▶ _Data shown_
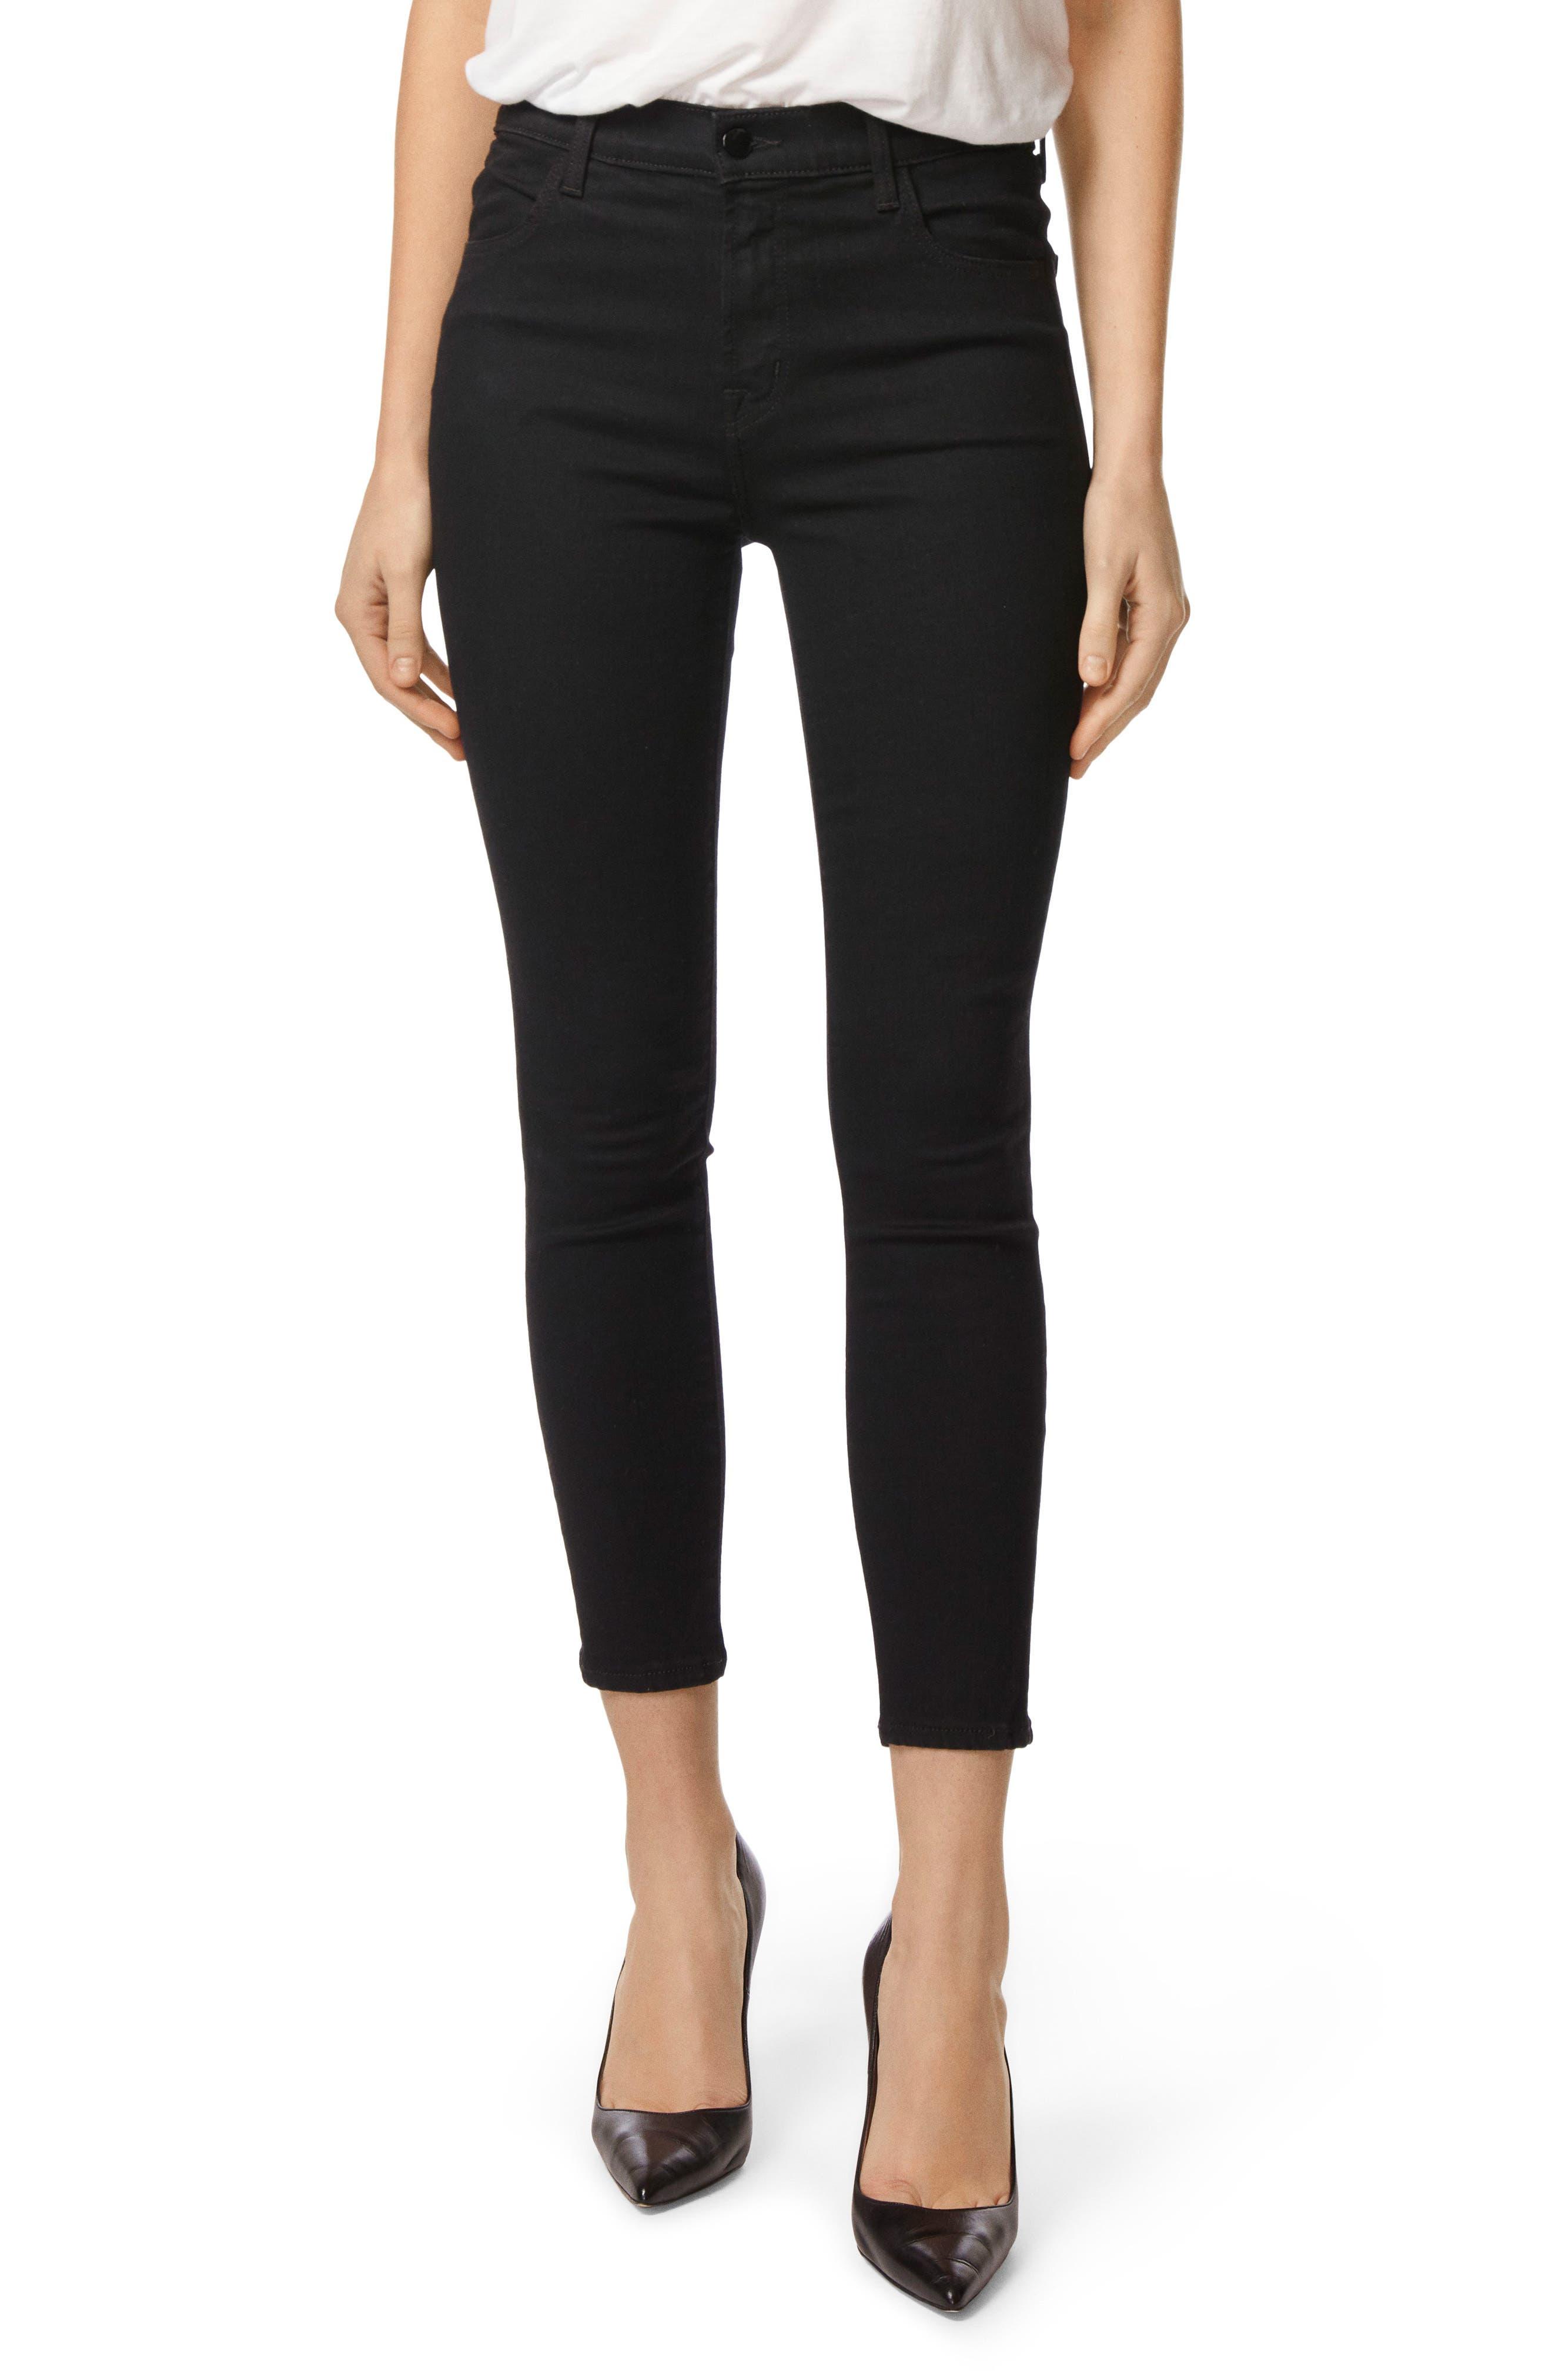 Main Image - J Brand Alana High Waist Crop Skinny Jeans (Vanity)
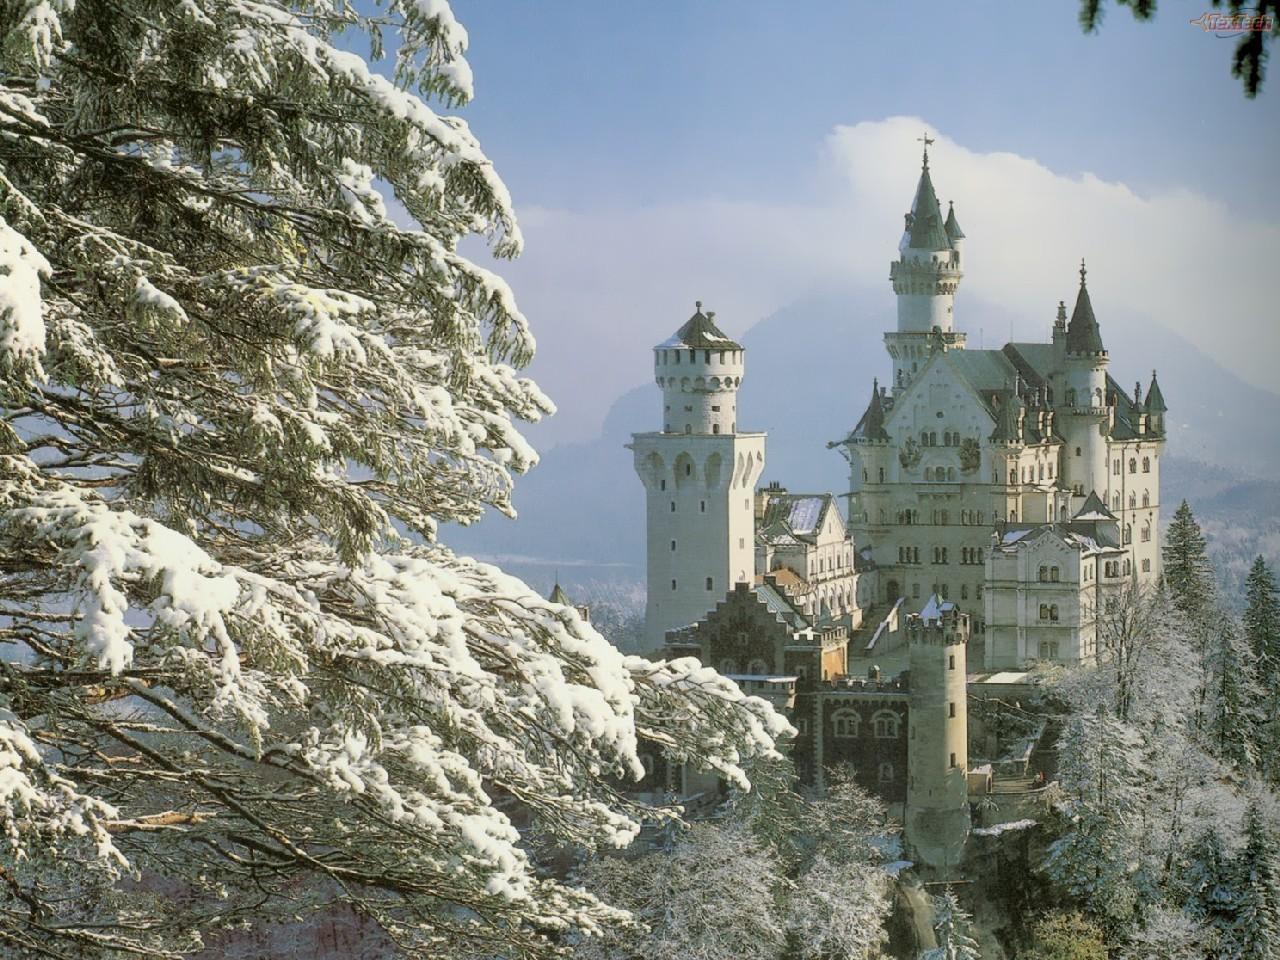 neuschwanstein castle germany in the snow 2 lancastria 1280x960
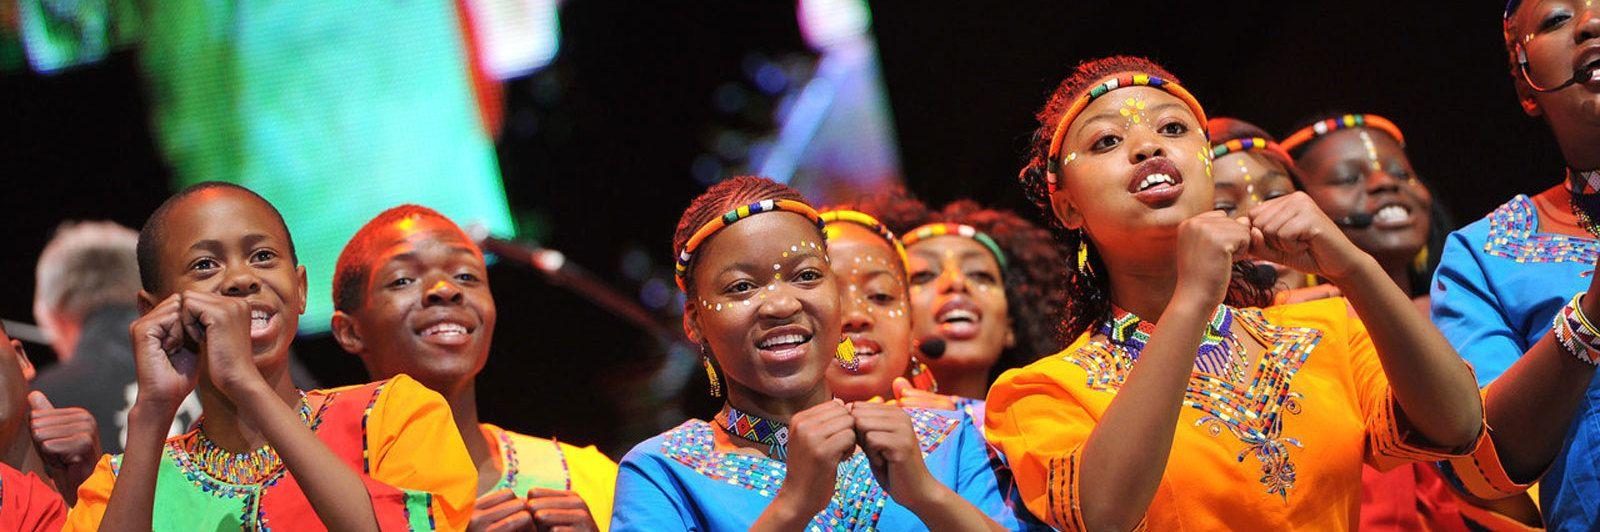 Vusi Mahlasela and Mzansi Youth Choir collaborate
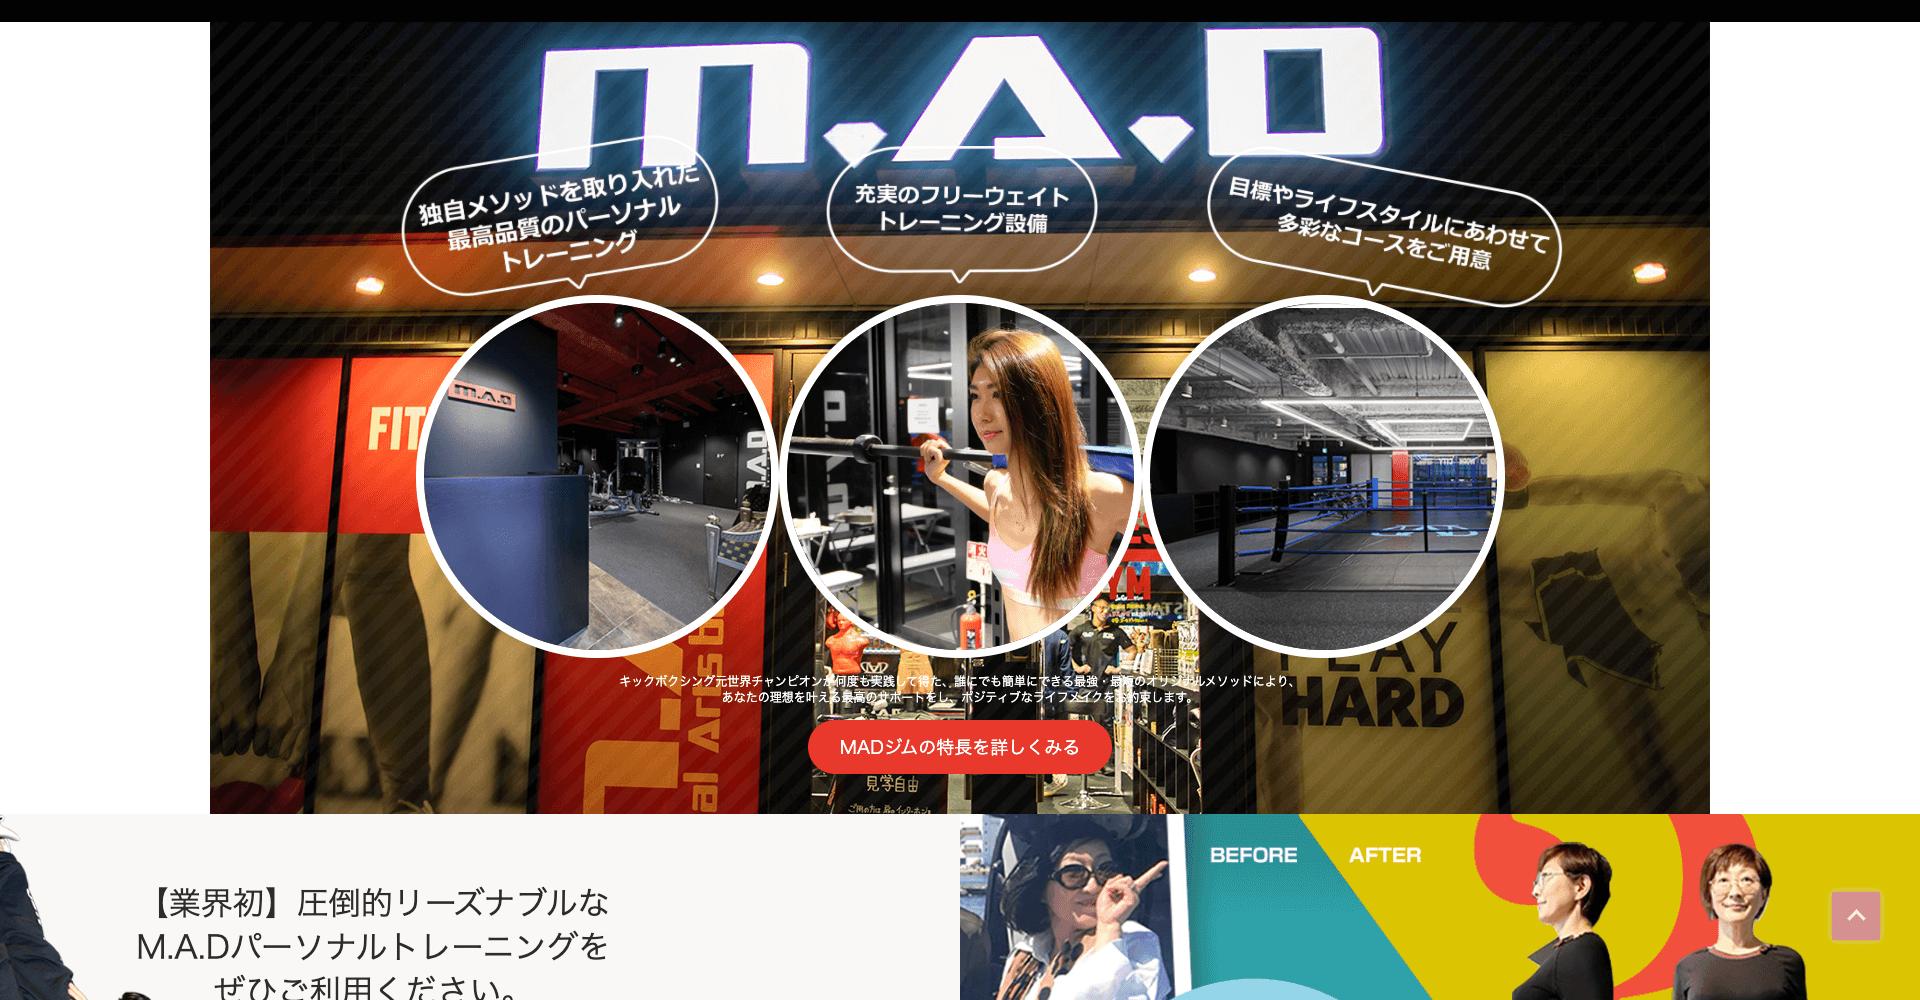 M.A.D(エムエーディー)

▶ _What you have to do_
Beginning with the line that contains "neuschwanstein castle germany" and ending with the last line of the data, transcribe each line exactly; pictures stay out.

▶ _Your response_
 neuschwanstein castle germany in the snow 2 lancastria 1280x960
 Vusi Mahlasela and Mzansi Youth Choir collaborate
 M.A.D(エムエーディー)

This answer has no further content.